Justin Sullivan/Getty ImagesVisitors inspect the new iPhone XR during an Apple special event at the Steve Jobs Theatre on September 12, 2018 in Cupertino, California. Apple released three new versions of the iPhone and an update Apple Watch.
  • Apple shares fell more than 4% Tuesday amid growing concerns around a slowing iPhone cycle.
  • At least four of the tech giant’s suppliers have cut their own guidance due in part to weakness in the smartphone market.
  • The slowdown in the smartphone market is due largely to rising prices and consumers holding onto their models for longer periods of time relative to previous cycles, one bullish analyst said.
  • Watch Apple trade live here.

Apple shares have taken a beating of late, and a growing roster of Wall Street analysts say a slowdown in its iPhone cycle is to blame.

But the reason for the slowdown may be more straightforward than investors think, according to some analysts.

iPhone owners are holding onto models for longer periods as their quality improves and the average selling price rises, leading to a slowdown in the product’s replacement cycle, said Angelo Zino, senior equity analyst at CFRA.

“[Apple] continues to try to push toward these higher-price devices, and we think that is continuing to cause a slowdown in the replacement cycle,” Zino said on Tuesday, adding he doesn’t see that as a broader warning for the state of the US consumer.

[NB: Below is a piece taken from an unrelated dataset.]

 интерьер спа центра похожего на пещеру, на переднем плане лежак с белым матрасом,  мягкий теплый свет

He told Business Insider that he expects the current iPhone cycle to trend down for the first time since 2007. That year, on the heels of the global financial crisis and due to high comparable numbers, revenue fell 12% and units sold slid 8%.

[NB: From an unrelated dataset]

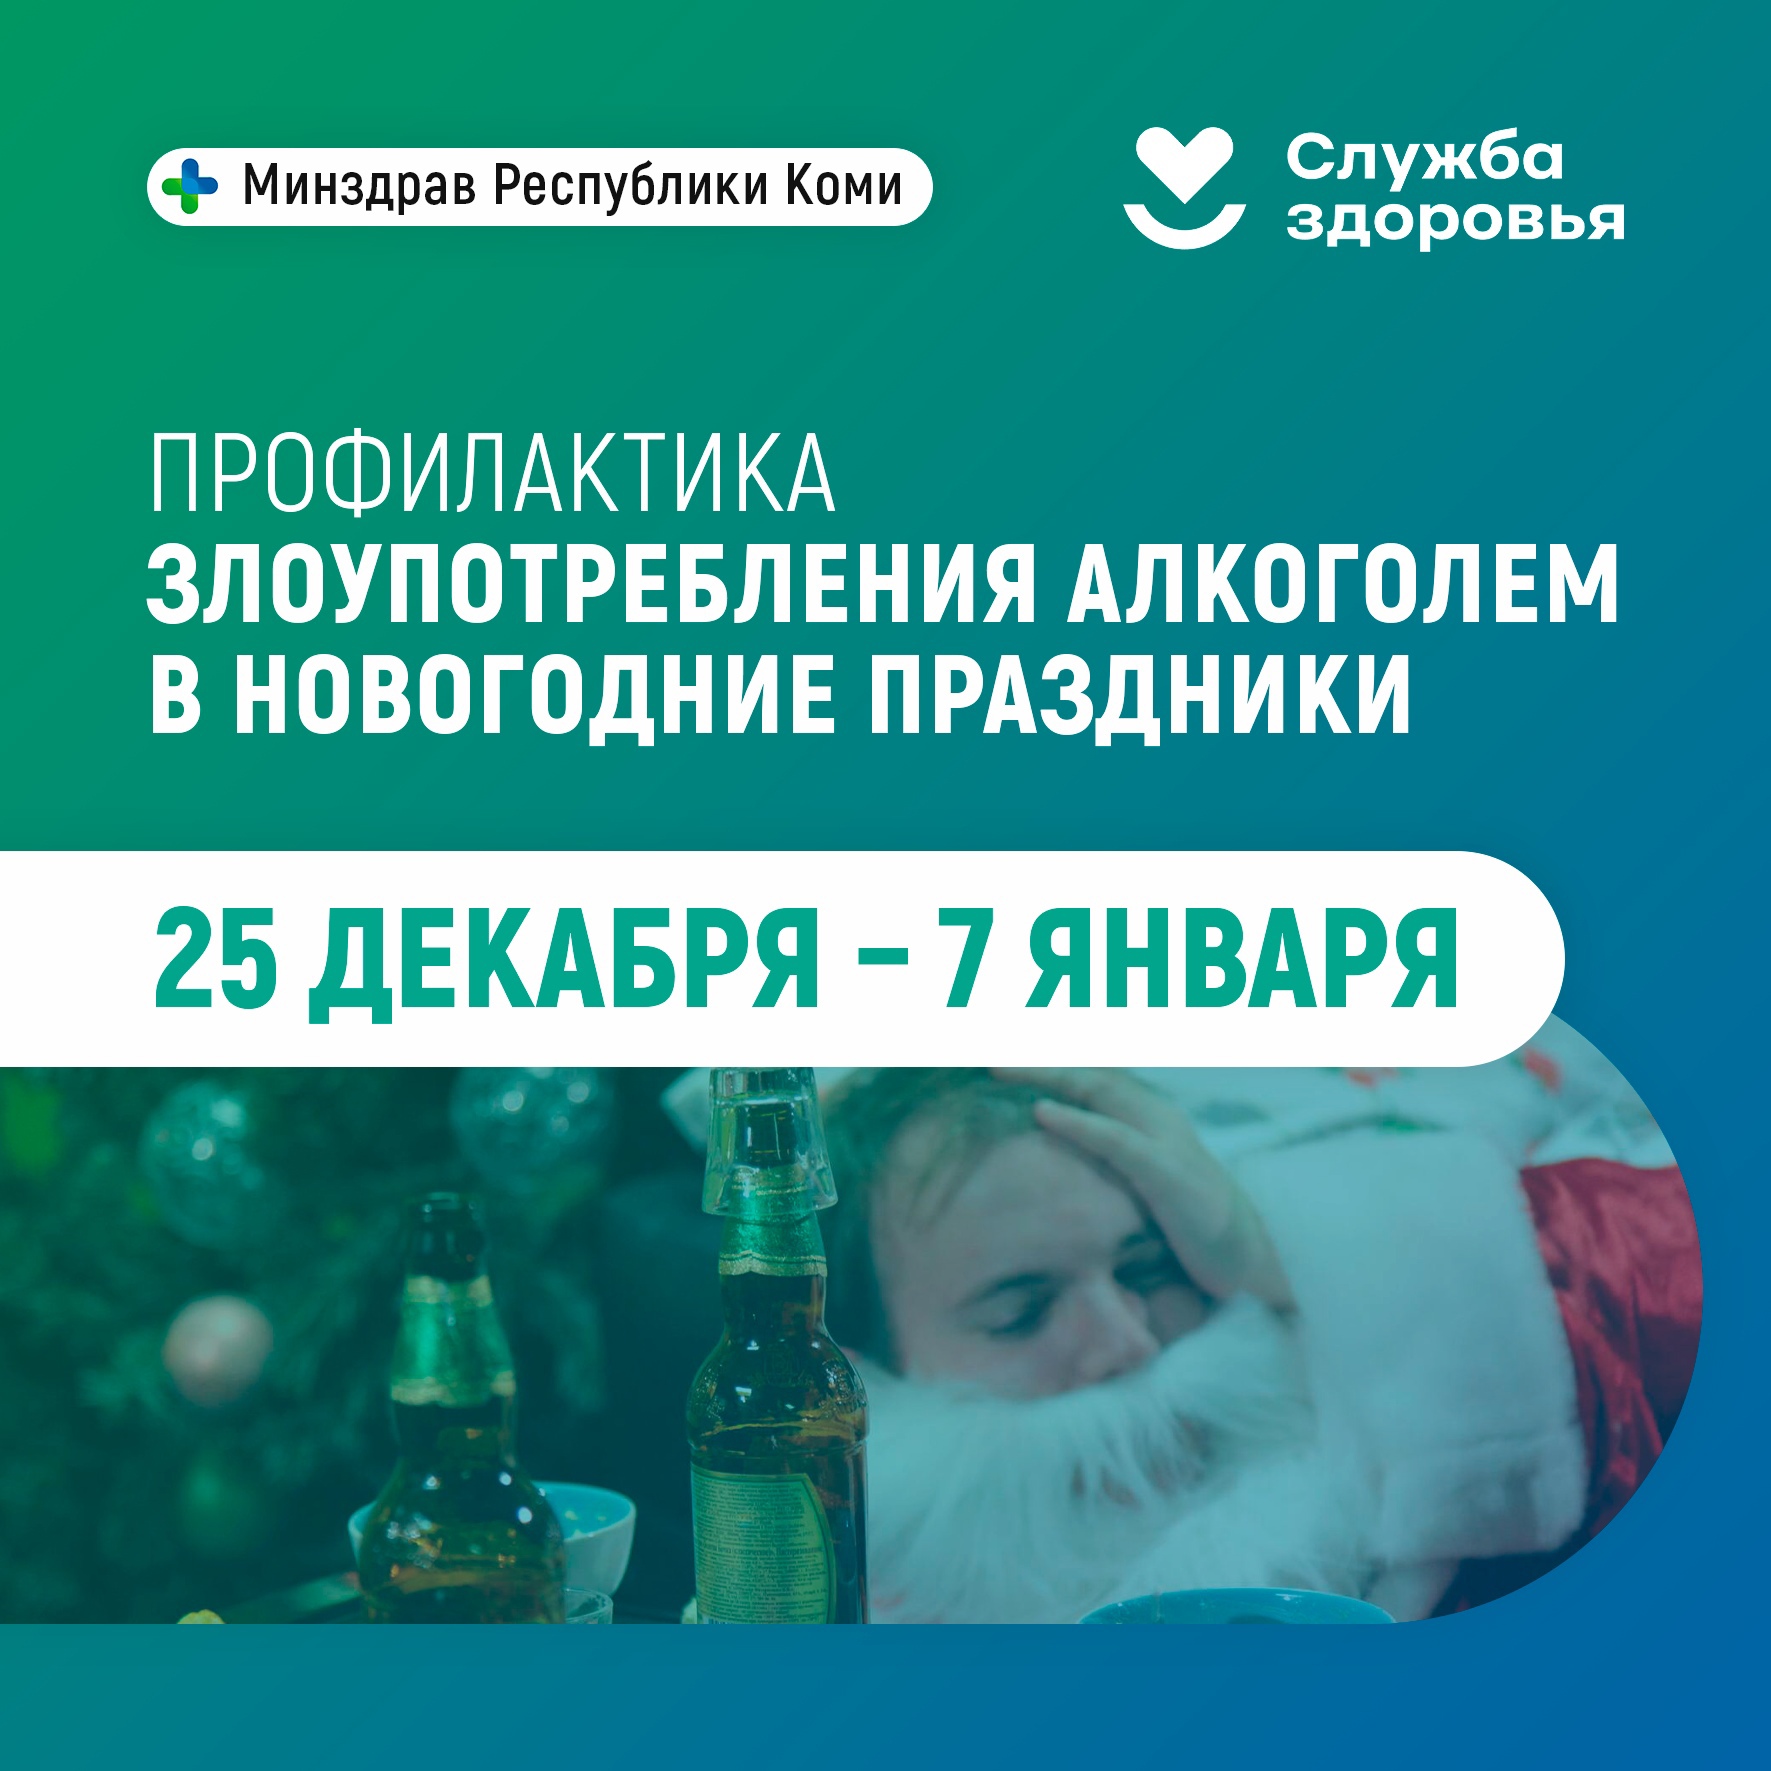 Неделя профилактики злоупотребления алкоголем в новогодние праздники.

Apple said in its quarterly earnings report last month that it would no longer disclose the number of units sold for products including the iPhone, an announcement that weighed on the stock during the November earnings call.

Still, Zino remains a bull, even as some of his peers have turned bearish on Apple. He maintains a “buy” rating with a price target of $US255, implying a 45% rise from current levels, and said he would change his tune on Apple if he saw a meaningful reduction in the company’s active user base.

“The most ominous sign, and the most tell-tale sign that the Apple bull story could decline, is the decline of its installed base at some point,” Zino said in a phone interview, adding he remains bullish on the company’s free cash flow.

Others echo a similar sentiment. The iPhone “ownership period is lengthening: users are not upgrading as frequently as they used to, possibly a combination of high retail prices but also because a significant step-up in technology upgrades means that users are more likely to want to wait for the next wave of upgrades,” HSBC analysts led by Erwan Rambourg wrote in a sweeping Apple report on Tuesday.

The firm downgraded the stock to a “hold” rating, from “buy,” and lowered its price target to $US200 from $US205. HSBC followed other Wall Street firms like Goldman Sachs, which cut its price target on the stock three times in November.

Some of Apple’s suppliers, too, have cut their guidance in recent months because of falling iPhone demand. On Tuesday, the Texas-based semiconductor manufacturer Cirrus Logic slashed its revenue guidance for its fiscal third quarter of 2019 due to a weakening smartphone market. Last month, the Austrian semiconductor manufacturer AMS cut its revenue forecast, suggesting slowing iPhone demand, days after chipmaker Lumentum slashed its own revenue and profit expectations.

Apple shares were down 22% in three months, but up 3.9% this year.